Start of DATA BELOW

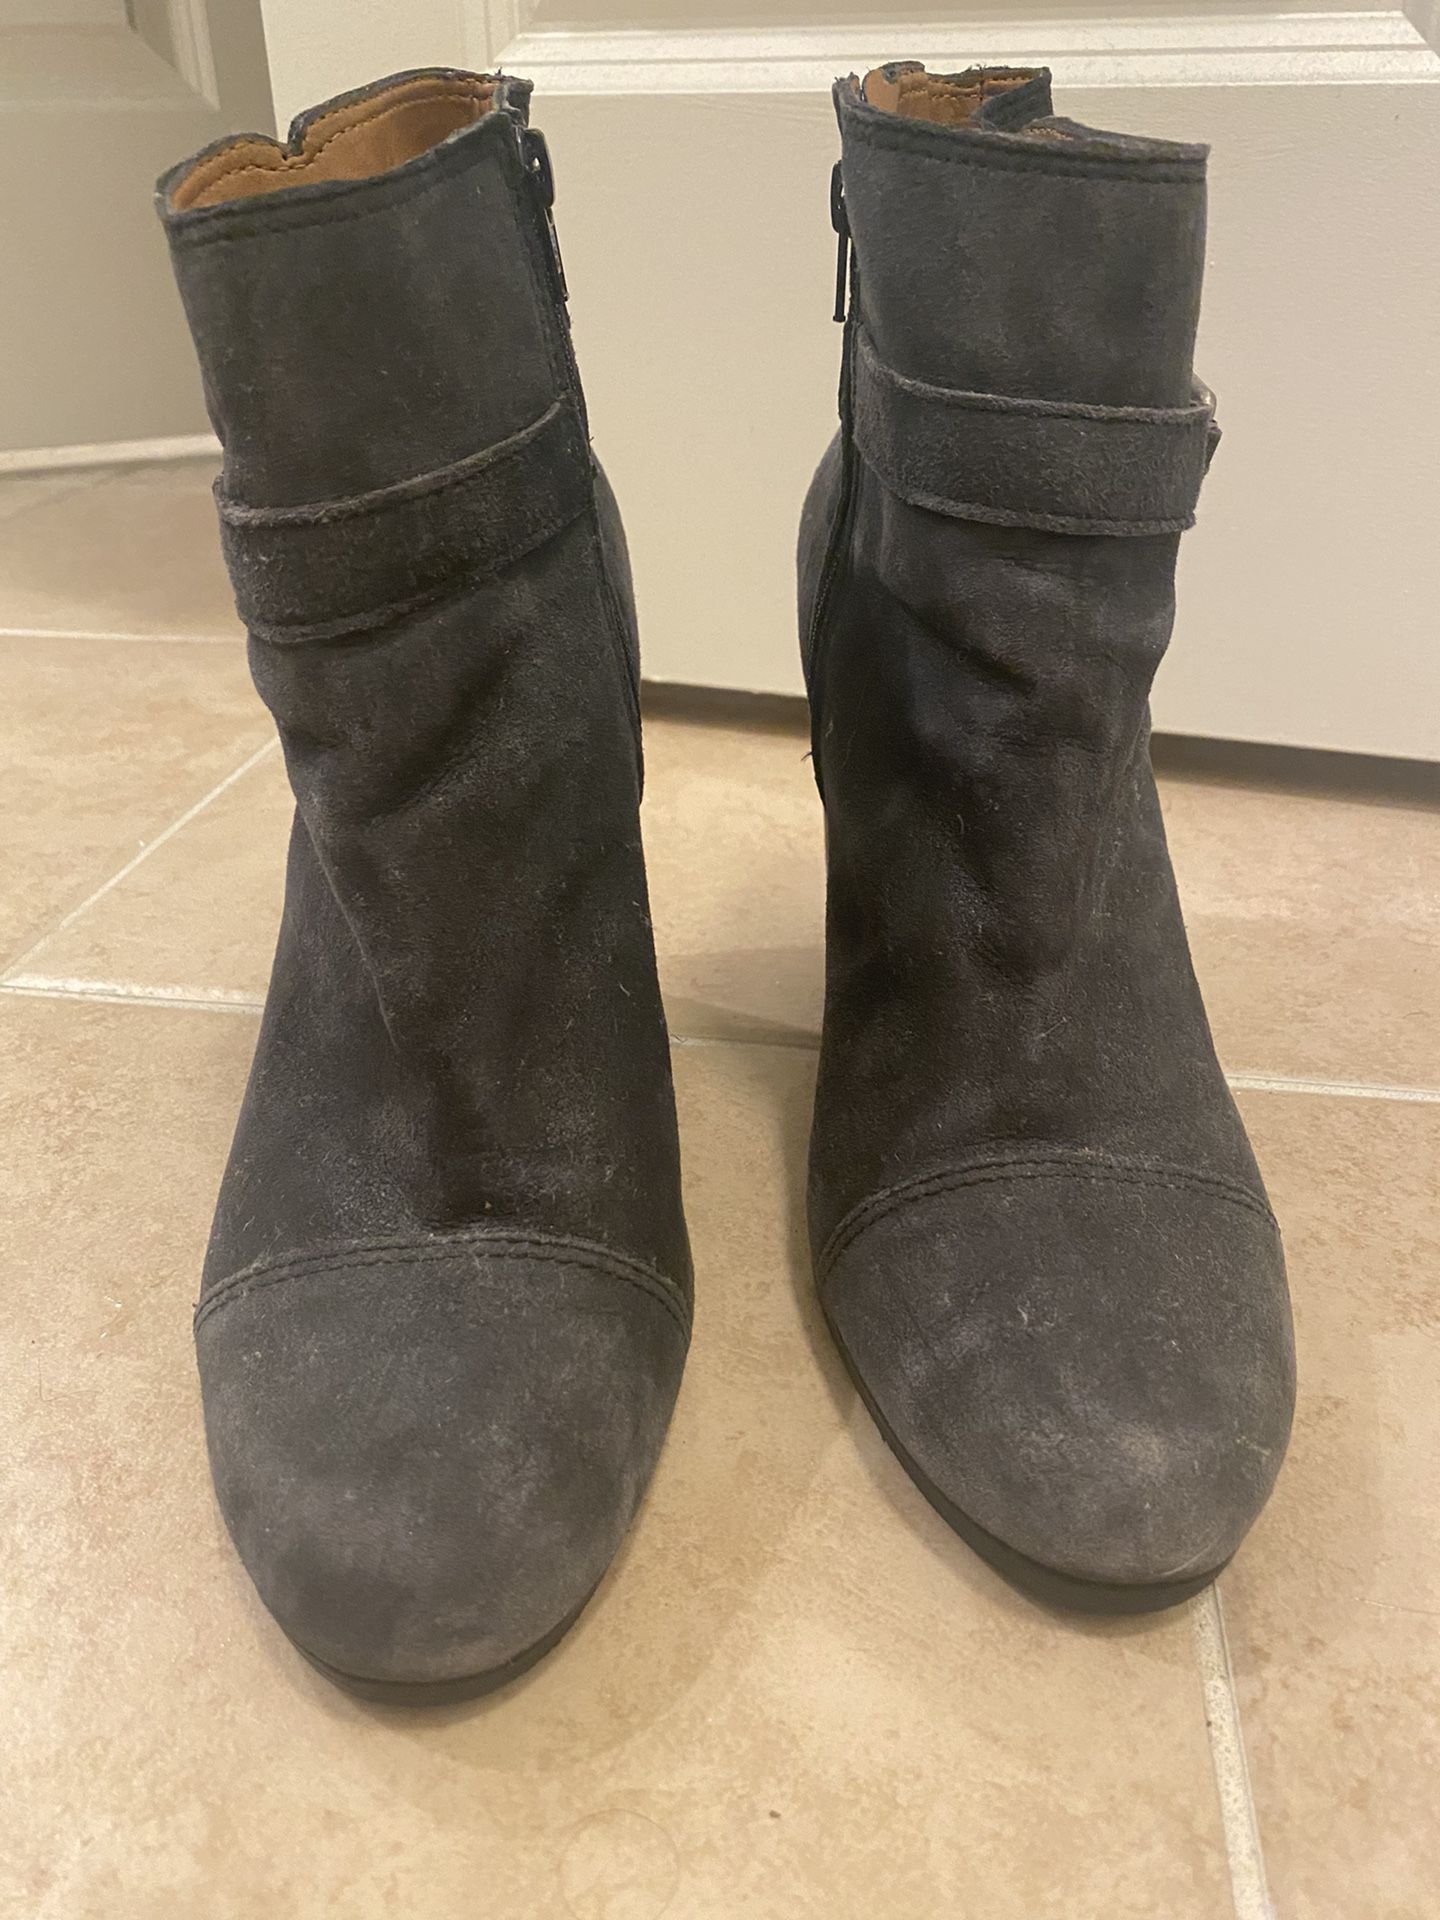 Lucky Brand Black Booties, Size 10
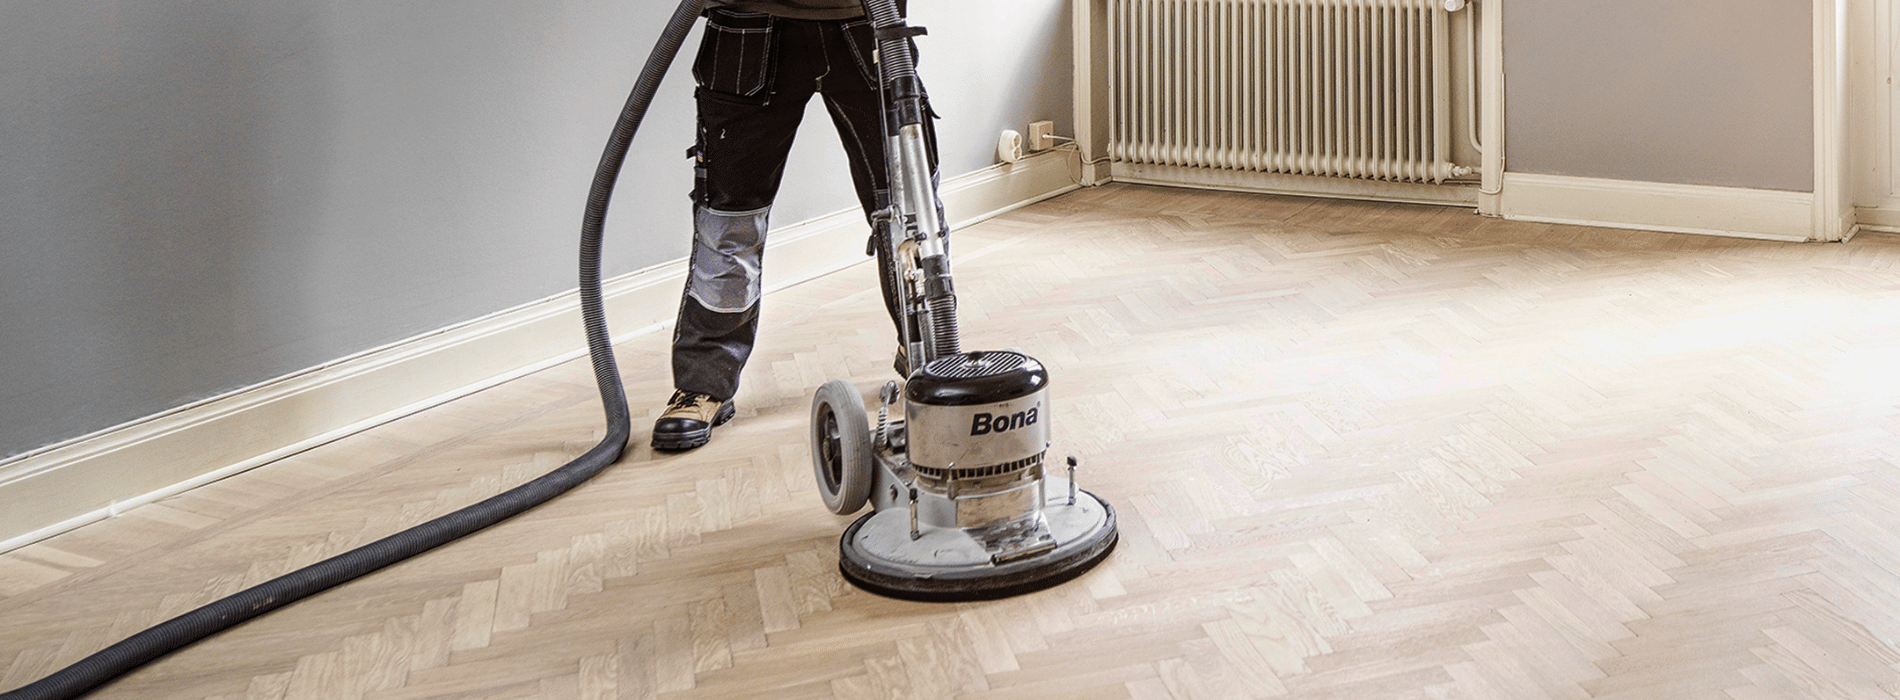 In Hounslow, TW3, Mr Sander® are using a Bona FlexiSand 1.9 buffer sander with Ø 407 mm dimension, 1.9 kW effect, 230 V voltage, and 50 Hz/60 Hz frequency. They connect it to a dust extraction system with a HEPA filter for clean and efficient results while sanding a parquet floor.
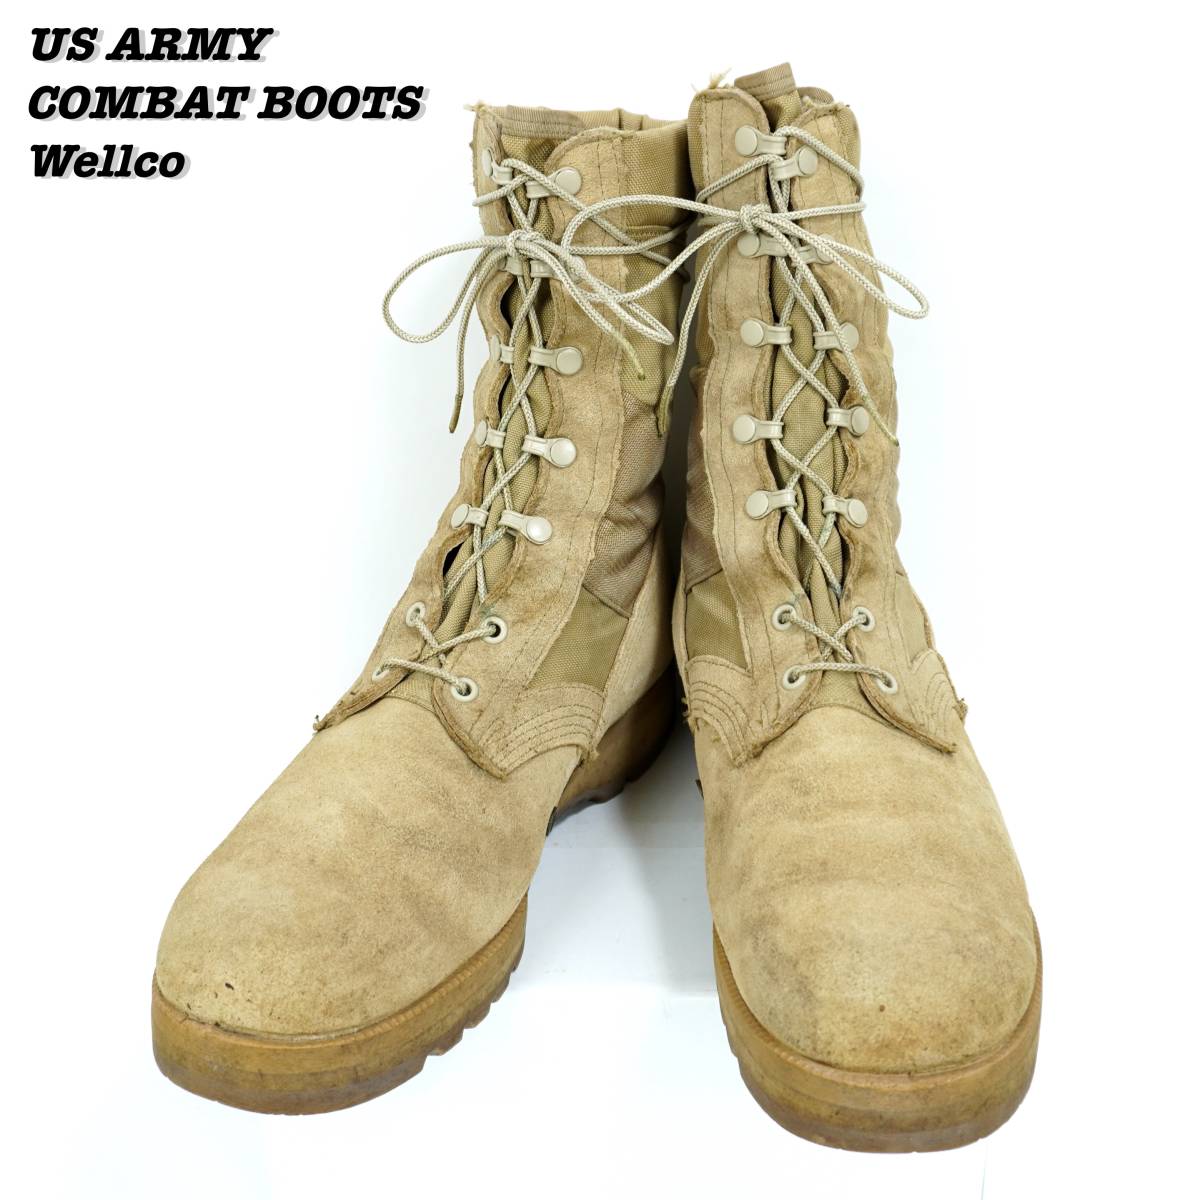 US ARMY HOT WEATHER ARMY COMBAT BOOTS COYOTE 10 5 アメリカ軍
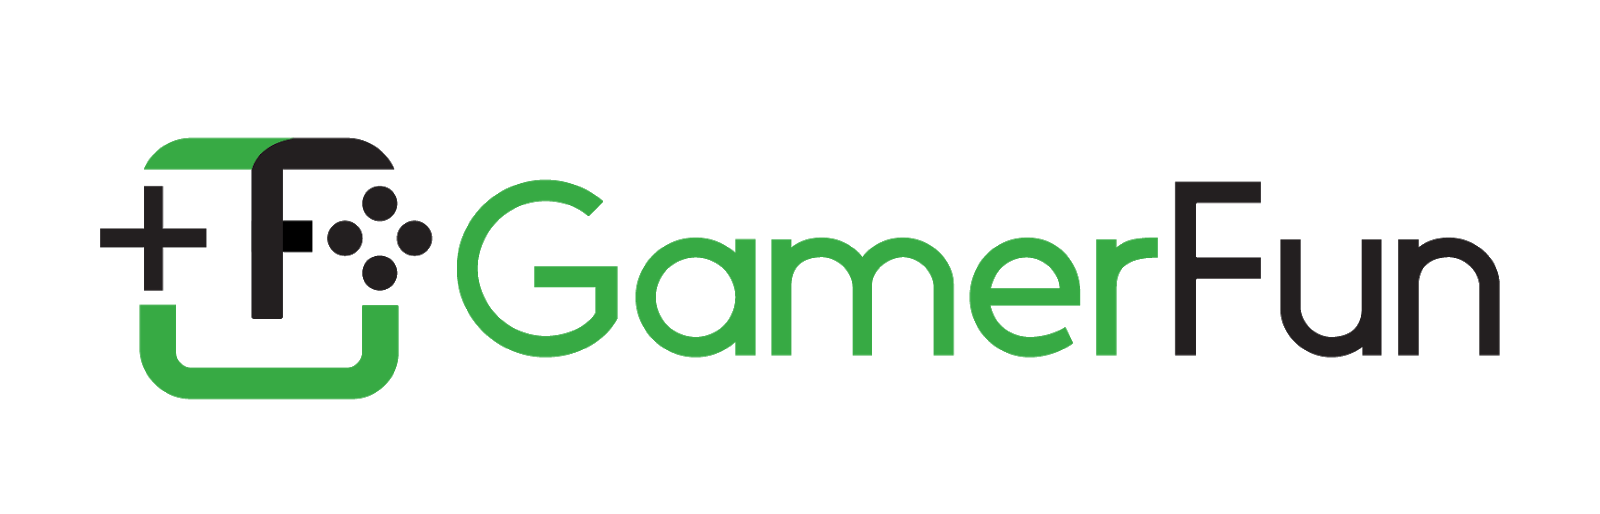 GamerFun - Best Place To Boost Your Gaming Skills

End of DATA BELOW

Would you restate, word for word, the lines from the one holding "In Hounslow, TW3, Mr" through the end of the material above? Omit the pictures.

 In Hounslow, TW3, Mr Sander® are using a Bona FlexiSand 1.9 buffer sander with Ø 407 mm dimension, 1.9 kW effect, 230 V voltage, and 50 Hz/60 Hz frequency. They connect it to a dust extraction system with a HEPA filter for clean and efficient results while sanding a parquet floor.
 US ARMY HOT WEATHER ARMY COMBAT BOOTS COYOTE 10 5 アメリカ軍
 GamerFun - Best Place To Boost Your Gaming Skills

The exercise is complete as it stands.